Rebuilding the two countries may cost billions for several years

Thursday, April 17, 2003

By George Gedda, The Associated Press

WASHINGTON -- When the United States was driven from Vietnam three decades ago, it did not spend a dime to deal with the rubble left behind.

Victory brings a wholly different -- and expensive -- reality. The Bush administration is beginning to tackle reconstruction in Iraq at a time when a similar process in Afghanistan is still in its infancy.

There are no official estimates on how much these tasks will cost, but they won't come cheap.

A Council on Foreign Relations study suggests Iraqi reconstruction will cost $20 billion a year for several years. Congress has approved a supplemental appropriation for $2.5 billion to cover humanitarian needs and initial reconstruction costs.

There is one surefire way an invading country can avoid huge reconstruction costs: Lose the war.

In 1975, embittered by defeat in Vietnam, the United States broke off trade and diplomatic ties after the Communist victory, a situation that persisted for 20 years.

The only war-related U.S. government aid effort, begun in 1991, was a small program to provide prosthetic devices to Vietnamese war victims.

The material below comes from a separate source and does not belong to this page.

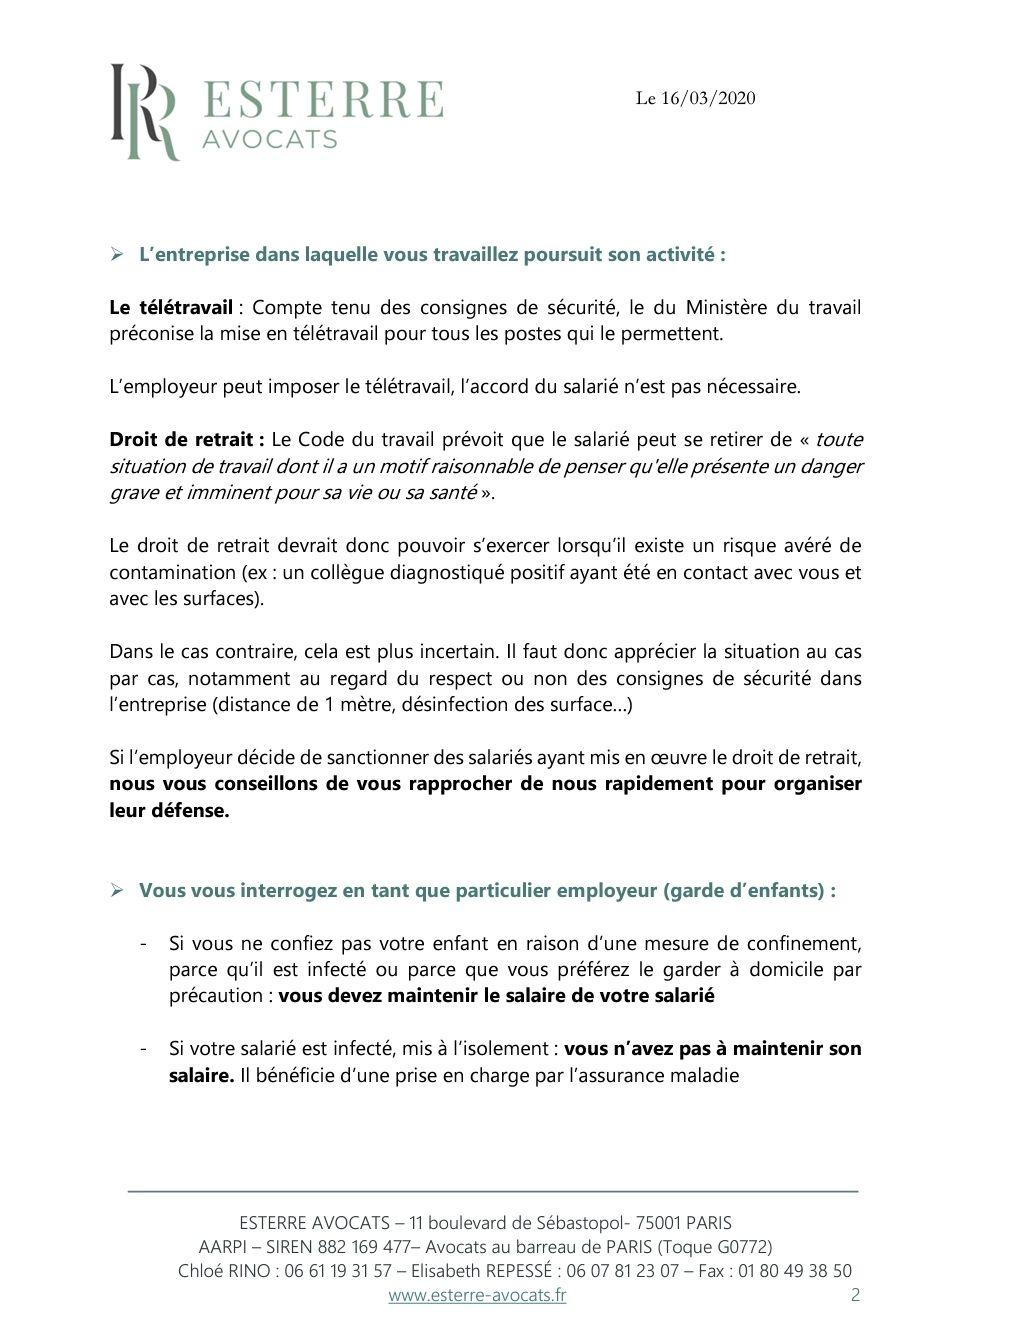 Note d'information - COVID 19 - ESTERRE AVOCAT-16 03 2020
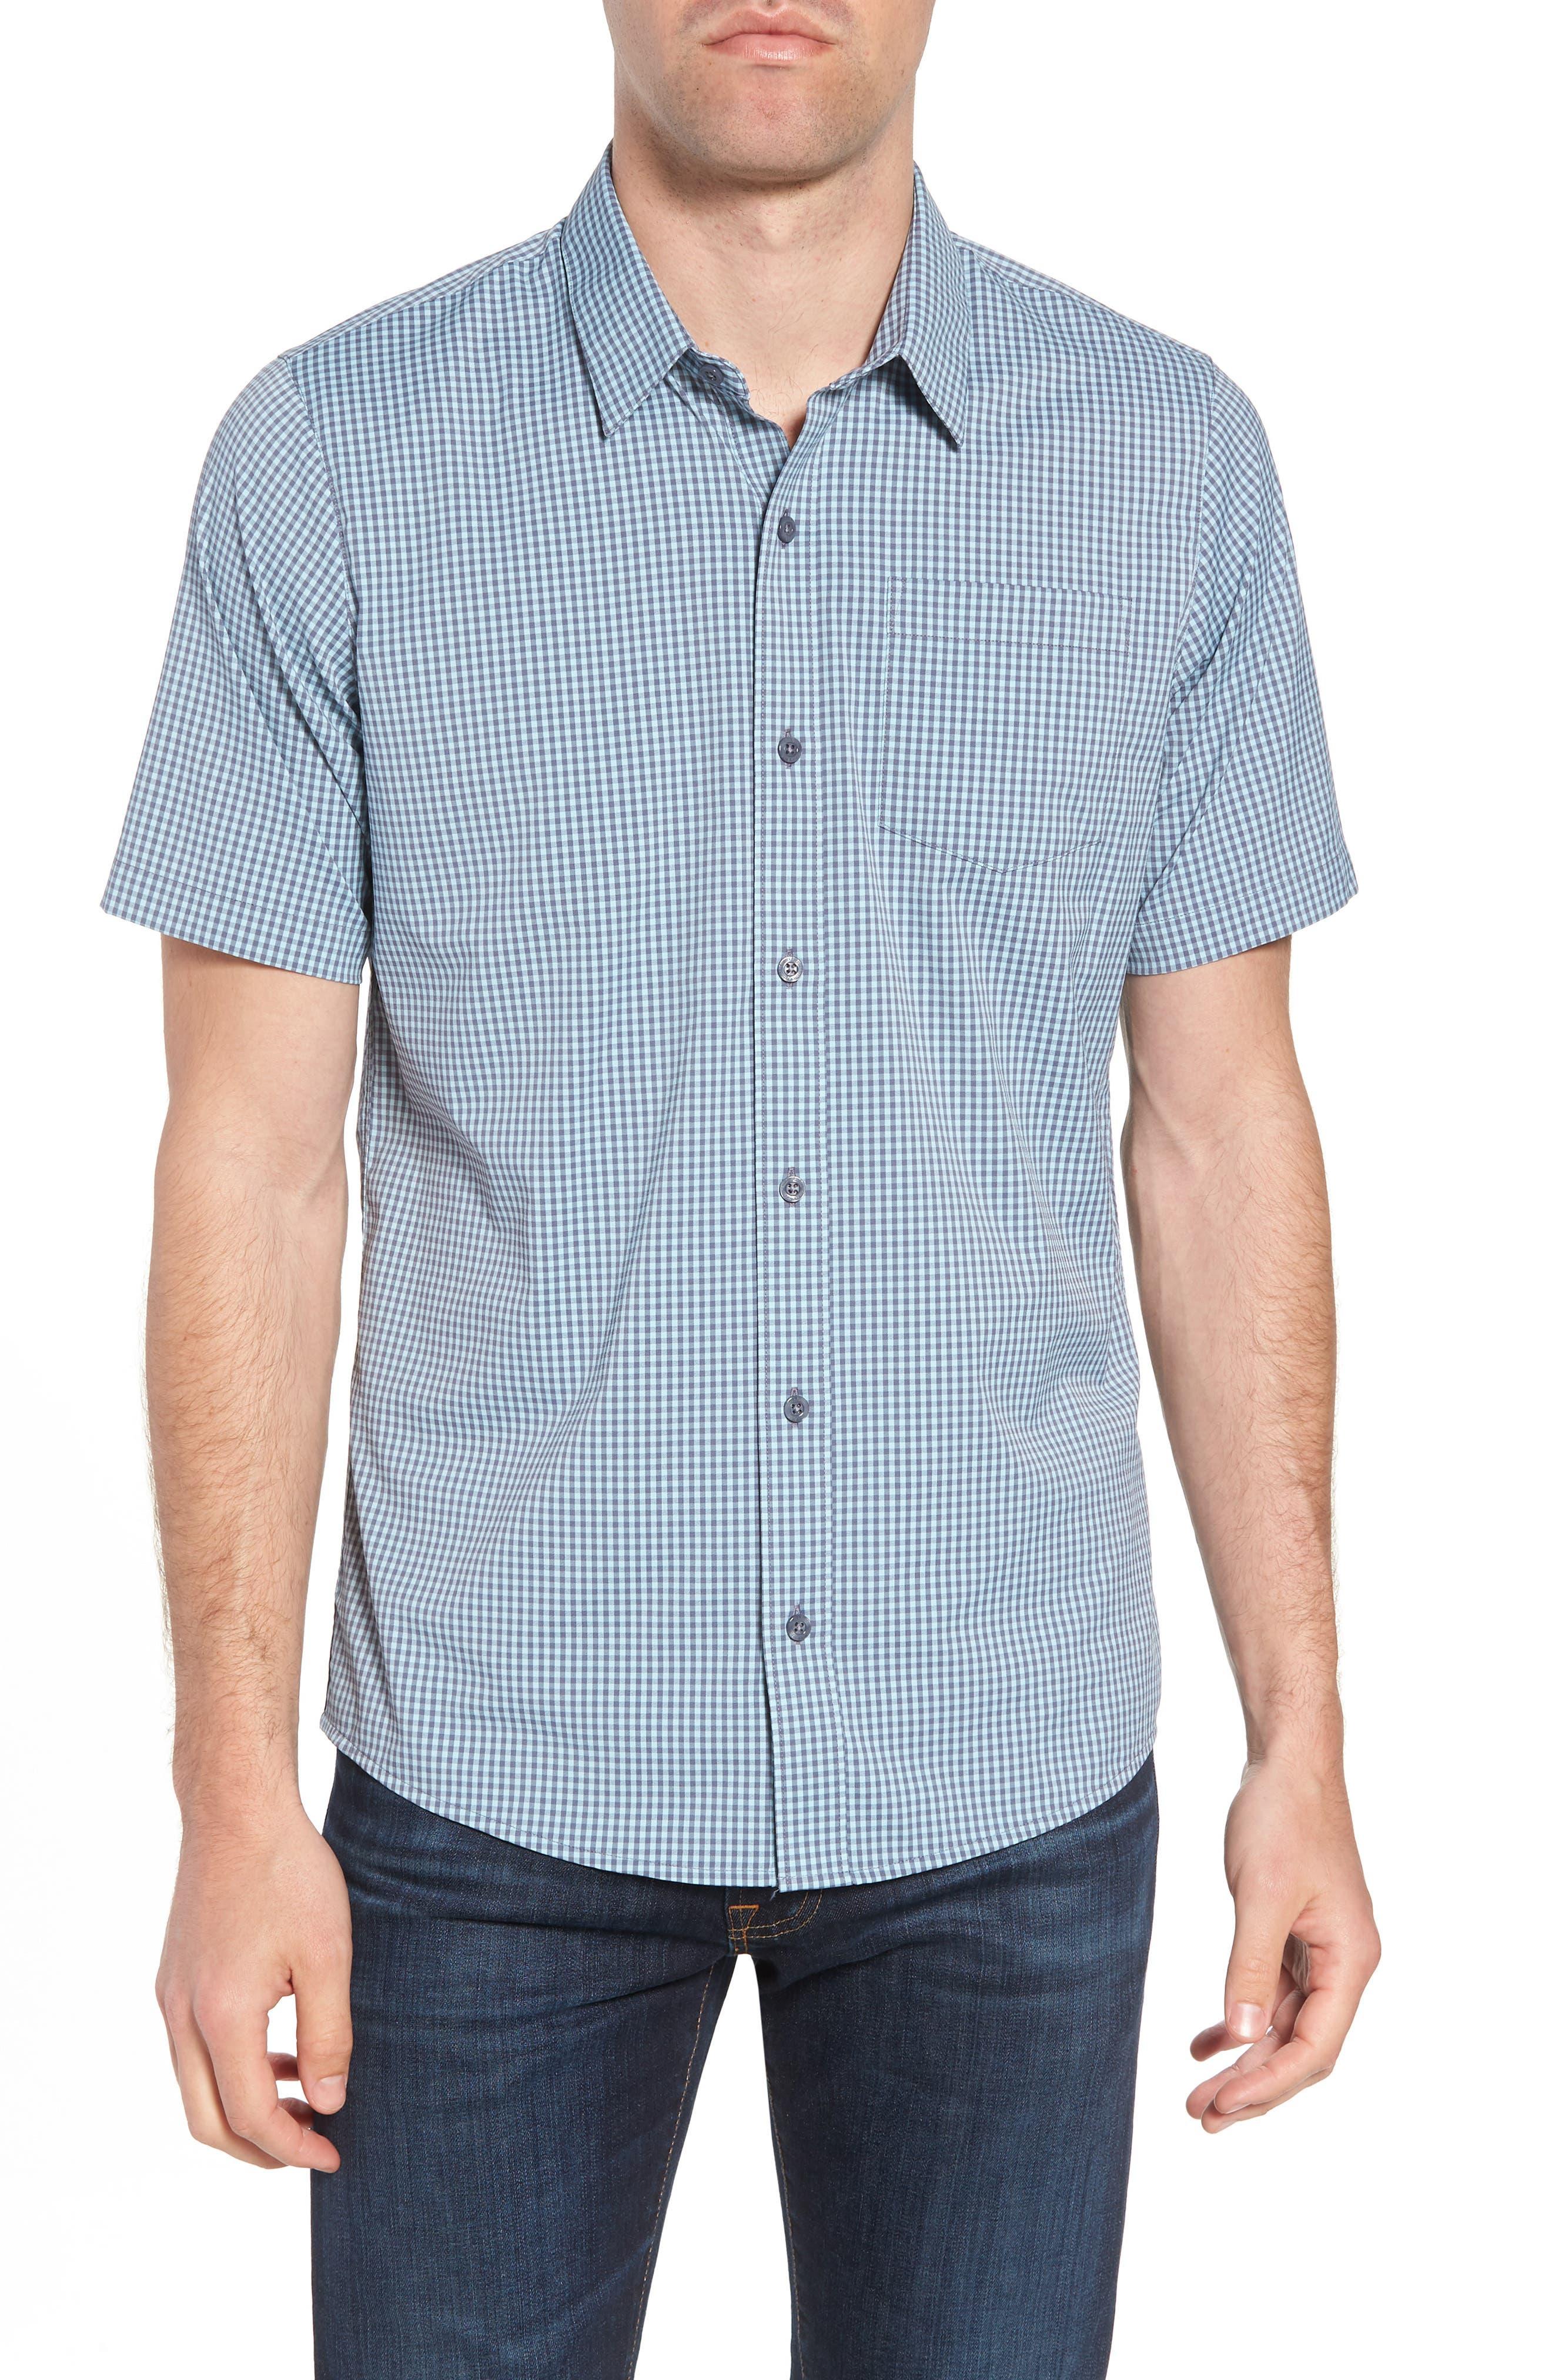 Gygax Regular Fit Sport Shirt,                         Main,                         color, 400

During wartime peace negotiations, the United States raised with North Vietnam the possibility of a $3.5 billion postwar reconstruction program. But once Communist control of Vietnam was completed, that option was discarded because of perceived North Vietnamese violations of the 1973 Paris peace agreement.

This meant no U.S. assistance to help the country recover from the death and destruction caused by long years of bombing, not to mention the effects of the herbicide Agent Orange.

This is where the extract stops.